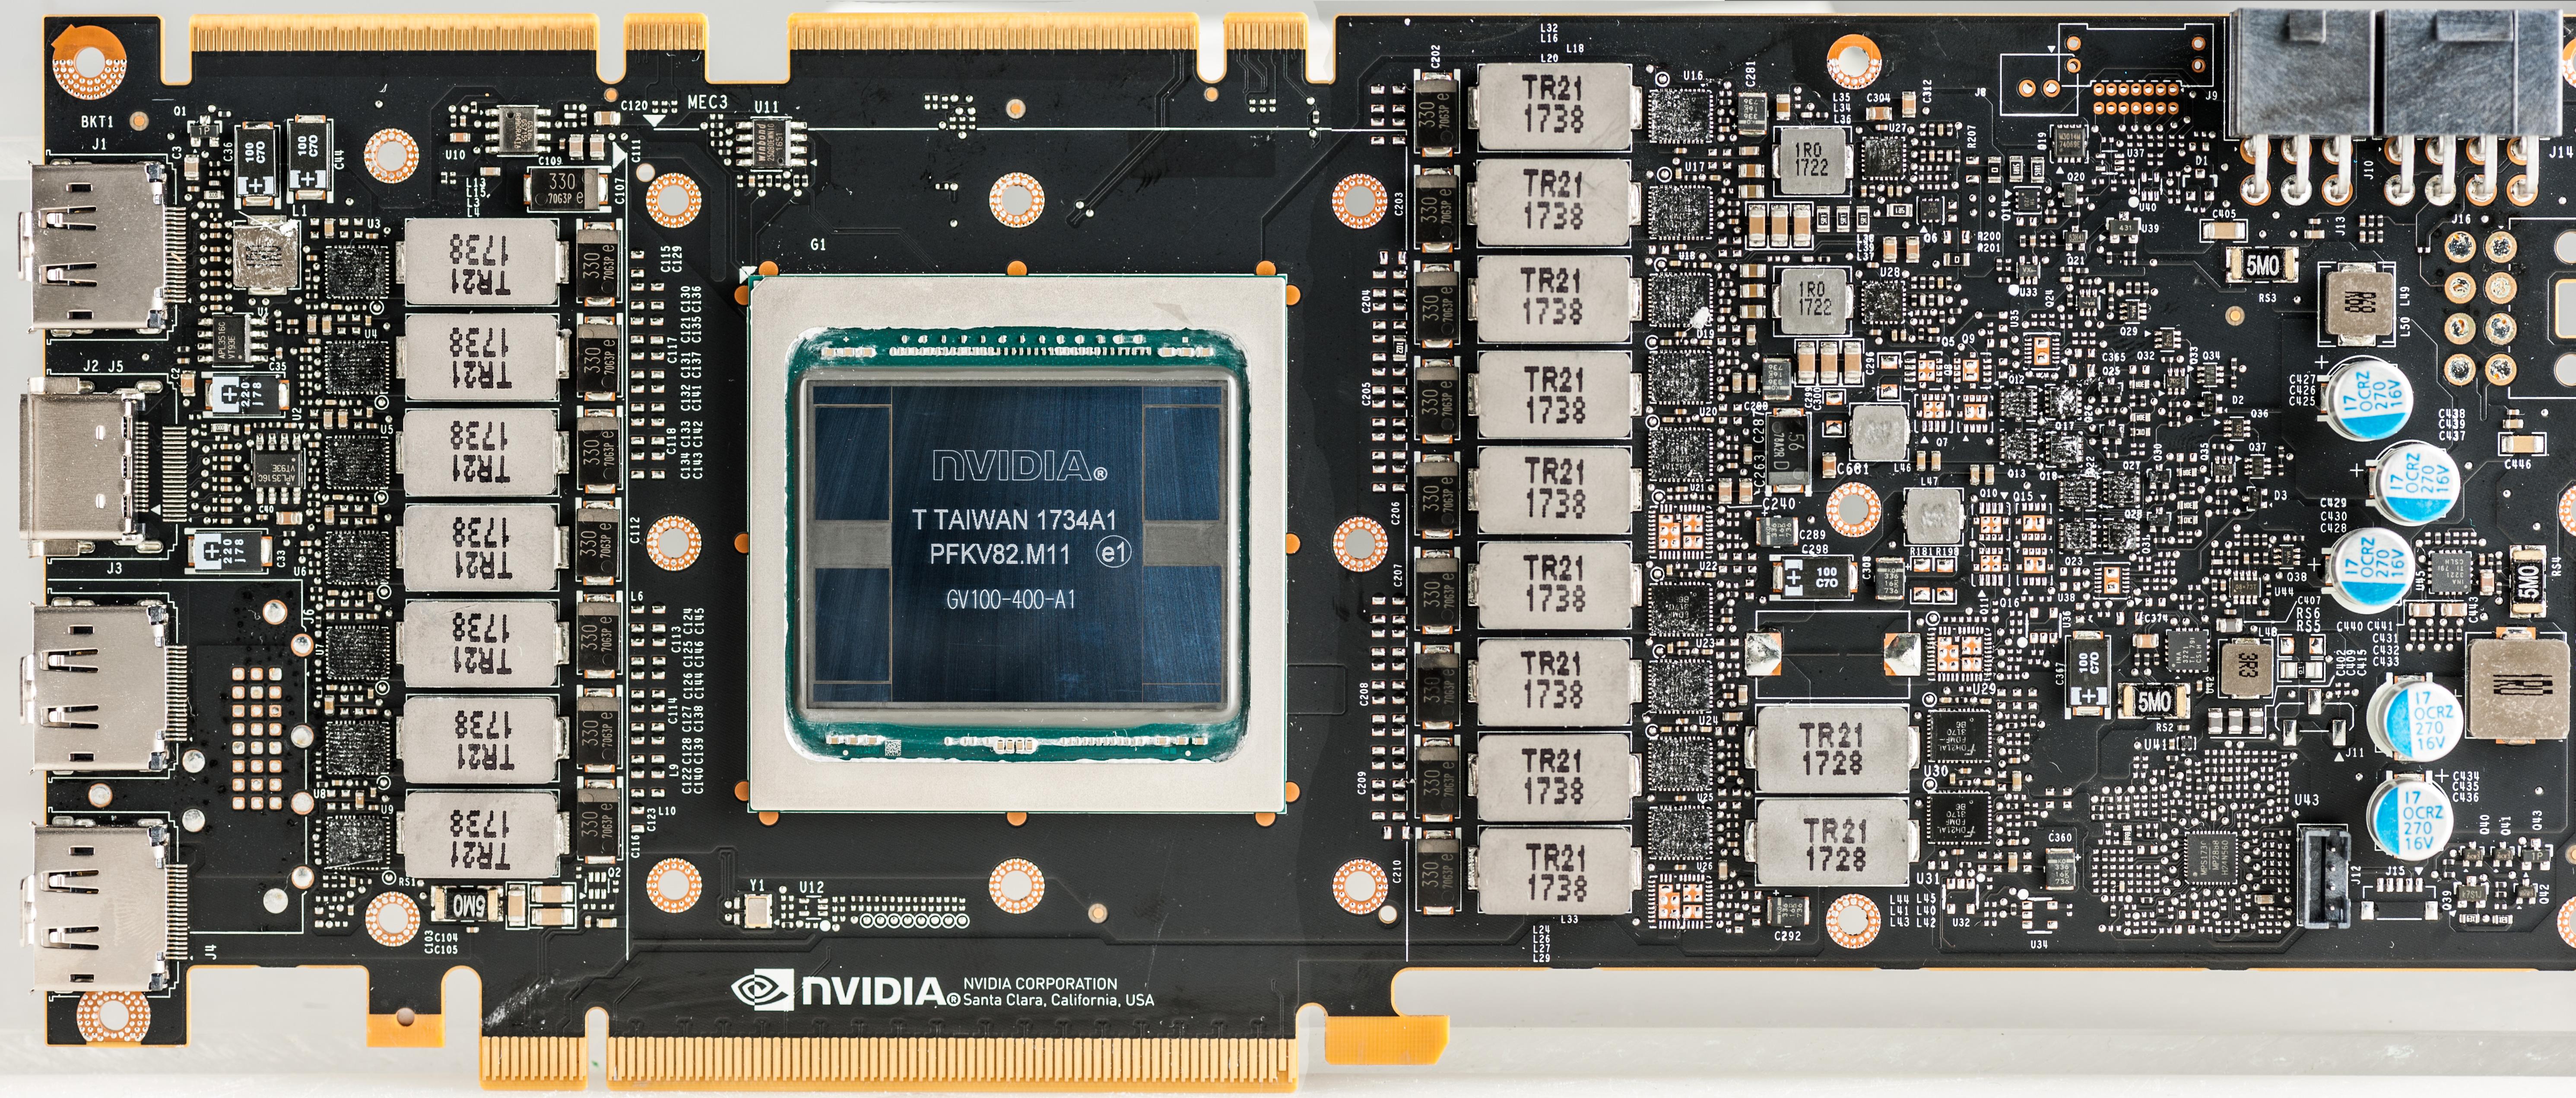 xDevs.com | Review of NVIDIA Titan V design and power ...
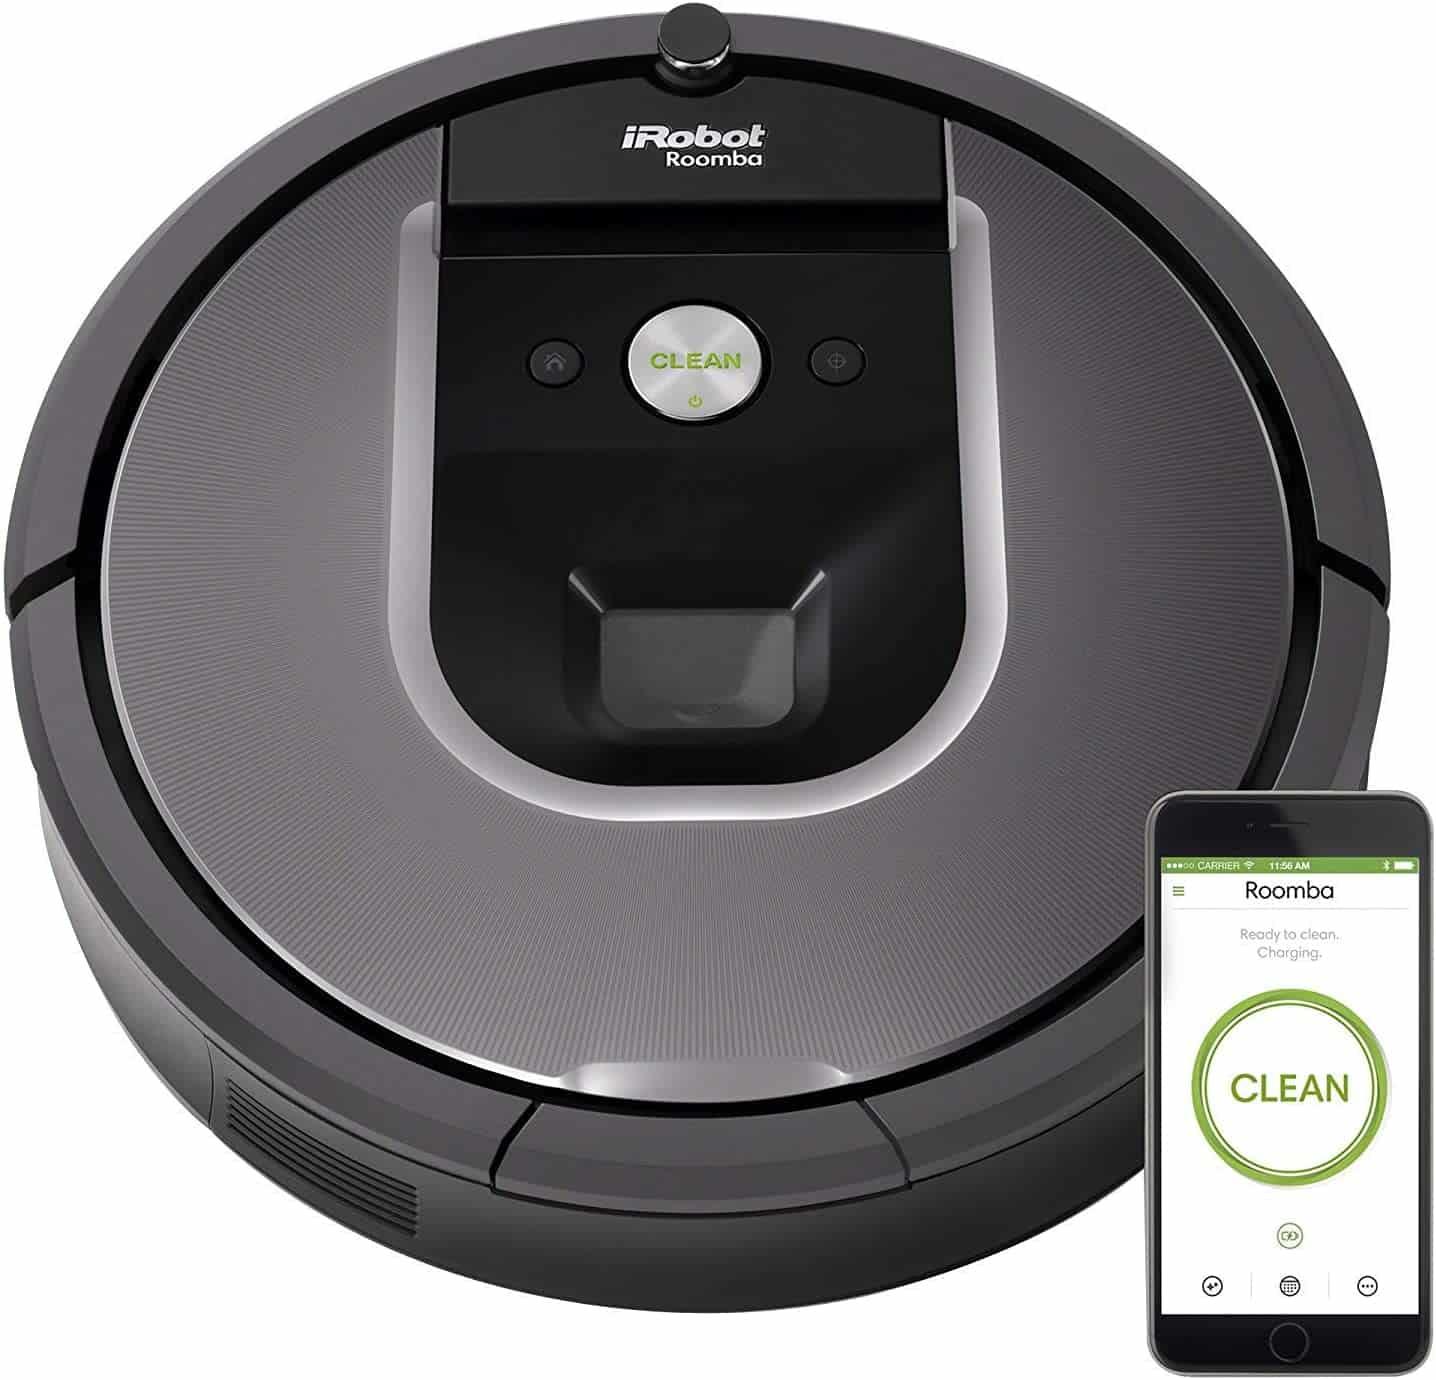 (Renewed) iRobot Roomba 960 Robot Vacuum - Amazon
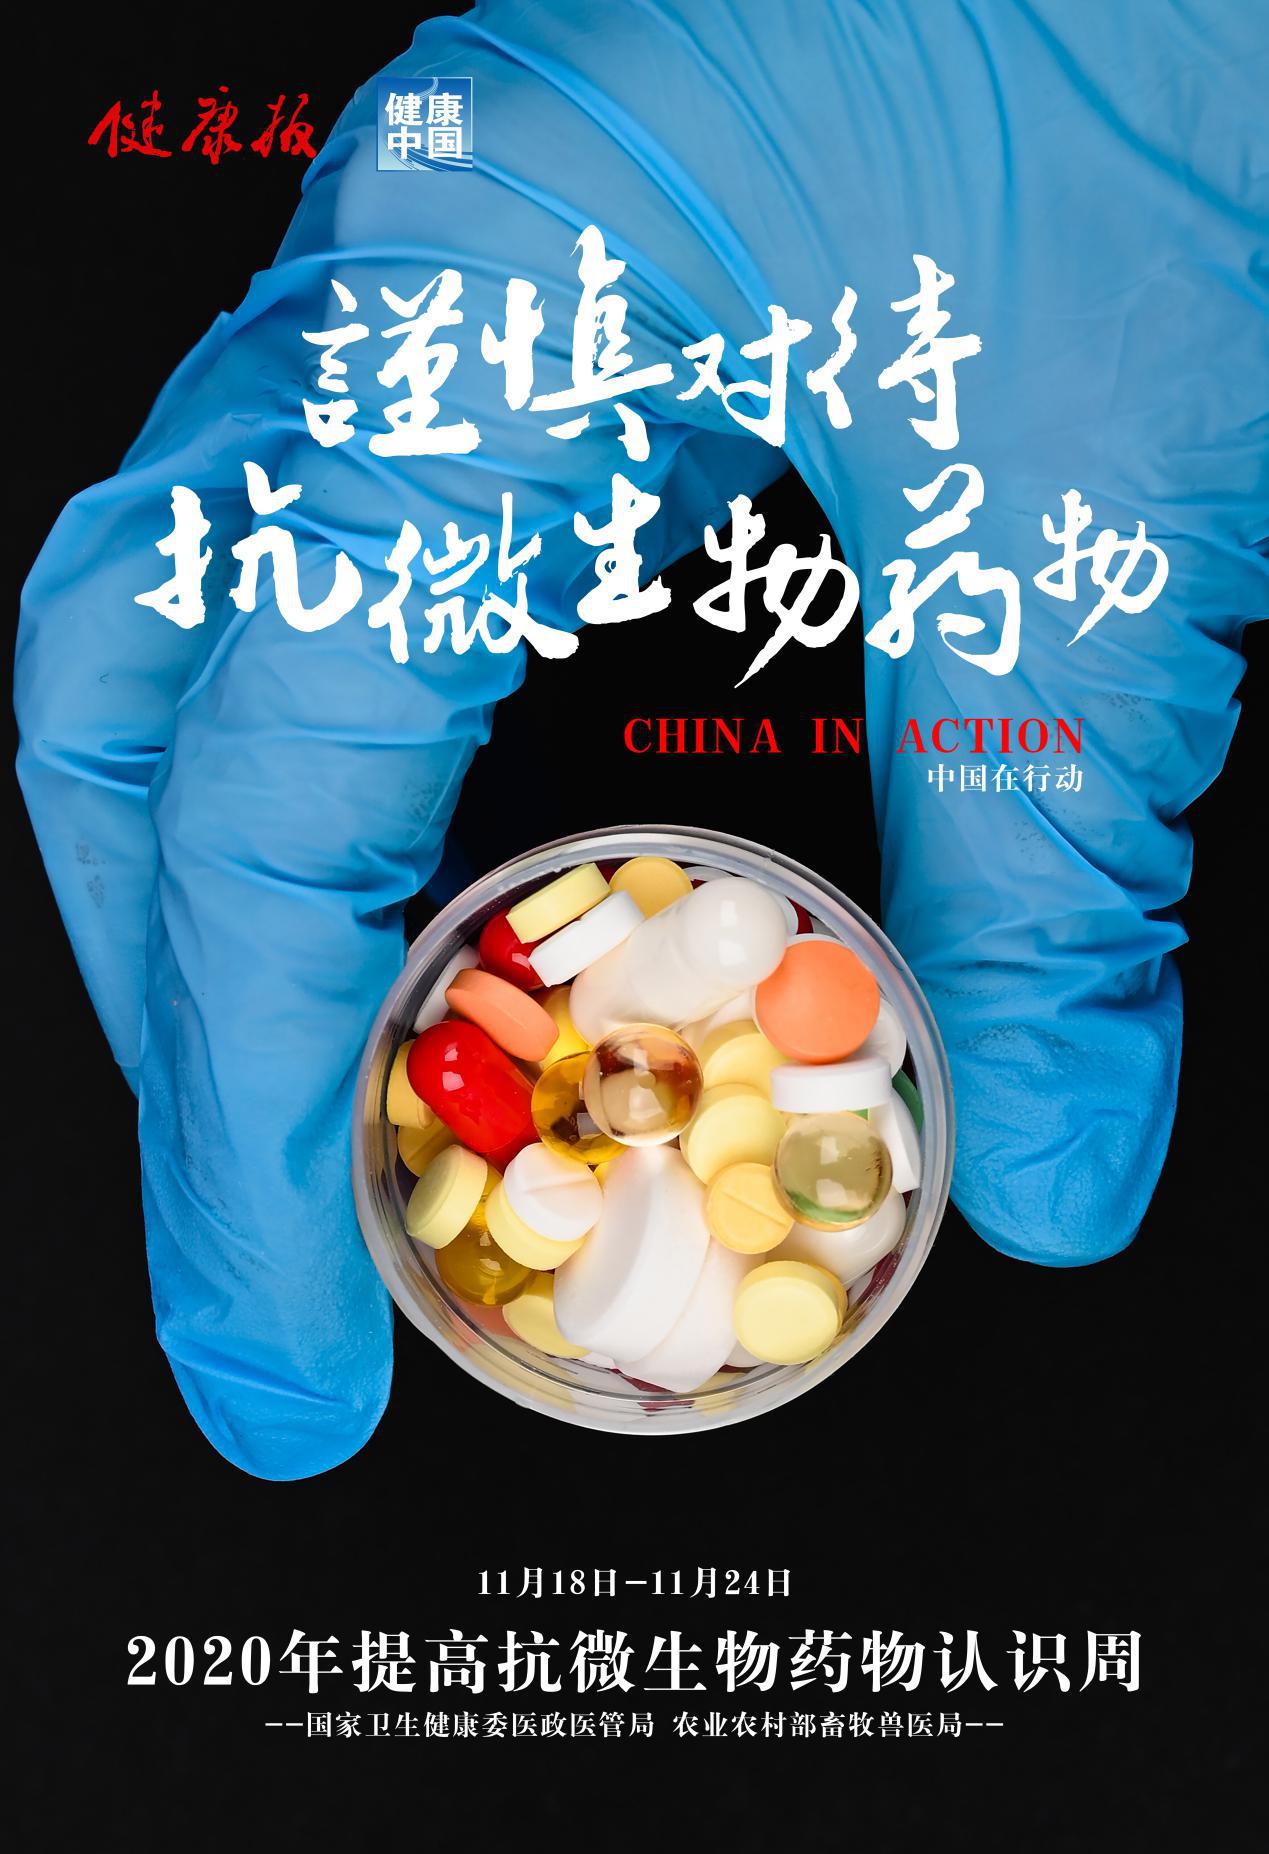 世界提高抗微生物药物认识周——团结起来保护抗微生物药物

§ **Try it**
The expected answer is the whole listing above, copied exactly, with images excluded.

§ **Task response**
 xDevs.com | Review of NVIDIA Titan V design and power ...
 (Renewed) iRobot Roomba 960 Robot Vacuum - Amazon
 世界提高抗微生物药物认识周——团结起来保护抗微生物药物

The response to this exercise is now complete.